Although the agreement reached to increase the trans healthcare program is verbal, Mangia tells the Los Angeles Blade that he feels strongly that county officials are acting in good faith.
“St. John’s Well Child and Family Center, which is the largest provider of services to undocumented immigrants in the country and the largest My Health LA provider, was able to get assurances from the County that services would be expanded to include transgender health services,” a grateful Mangia tells the Los Angeles Blade. “At this time of unprecedented attack by the Trump administration against immigrant families and individuals, this expansion in the largest county in the United States sends a clear message of support for the right of everyone to healthcare services, regardless of immigration status.”
Trans care also includes a healthcare reentry program for offenders leaving County detention facilities. Currently St. John’s has the only certified reentry program for trans offenders, staffed by former offenders, Mangia says.
The additional approved funding expansion will also supplement St. John’s HIV-Prevention and Treatment program, especially in the PrEP and PEP pharmaceuticals program. Mangia notes that St. John’s is working with the Black AIDS Institute, which last April opened A Clinic for Us (C4U), a free and or low-cost community primary care facility in Crenshaw’s Leimert Park neighborhood.
Phill Wilson, out-going Founder, President and CEO of the Black AIDS Institute, pointed out in a BAI release that Blacks account for 64 percent of recently diagnosed HIV/AIDS cases in Leimert Park and surrounding areas. According to AIDSVu, interactive online map displaying HIV/AIDS prevalence in America, 1,377 out of every 100,000 Black Angelinos is living with HIV, compared to 591 out of every 100,000 white Angelinos.
“These numbers speak to the need for additional resources and services within Black communities, particularly communities in south Los Angeles,” Wilson said. “Clearly, health disparities between Black and other racial ethnic groups in this county continue to exist and there are still enormous unmet needs in this community.
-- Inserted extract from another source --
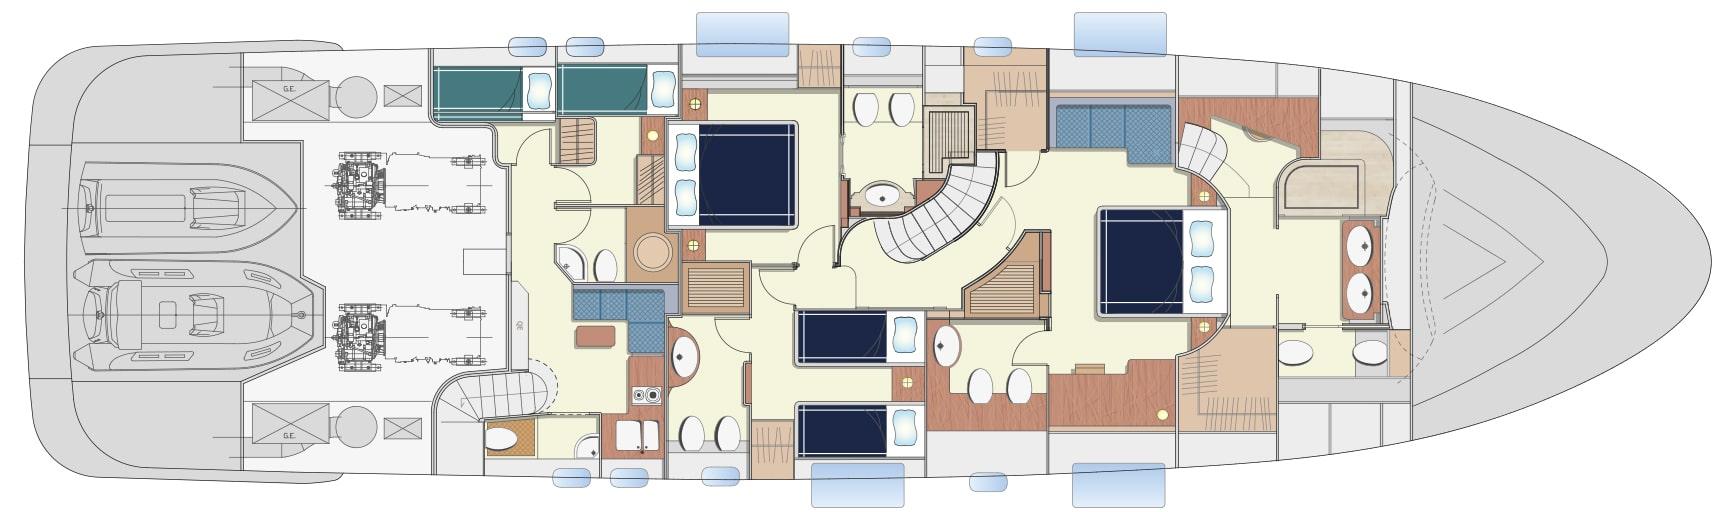 Lower Deck Version A 3 cabins

It is our hope that ‘A Clinic for Us’ will help mitigate those issues and extend much needed free or low-cost prevention and treatment services to those most in need in this community.”
Mangia echoes Wilson’s sentiments, saying that under-served minority communities must be better served by efforts such as the increased funding from the County.
Access to medical care is always an ongoing concern he adds. St. John’s clinics are located near bus lines and the clinics offering free MTA tokens and free parking. Additionally, care is provided through two state- of-the-art medically equipped two-room mobile clinic vans. For homeless HIV patients, these vans can be literal lifesavers, even transversing the County’s dry concrete riverbeds to serve the folks living there.
But many issues remain. “Of particular concern is addressing mental health issues, for which, at this point, there currently is no funding for undocumented Angelos,” Mangia says.
Supervisors Sheila Kuehl and Supervisor Kathryn Barger have also recommended that the County also look at expanding access to substance abuse treatment and mental health care for My Health LA patients. Free substance abuse treatment is available under the plan but is underutilized, so the supervisors directed staff to find out why. Options are also limited for treating less severe, but prevalent mental health issues such as depression and anxiety and the board also directed staff to look at sources of funding to expand available treatment.
“Healthcare is and should be a fundamental right,” Mangia tells the Los Angeles Blade. He hopes to improve St. John’s Well Child & Family Center’s holistic approach to providing the County’s residents with better comprehensive services.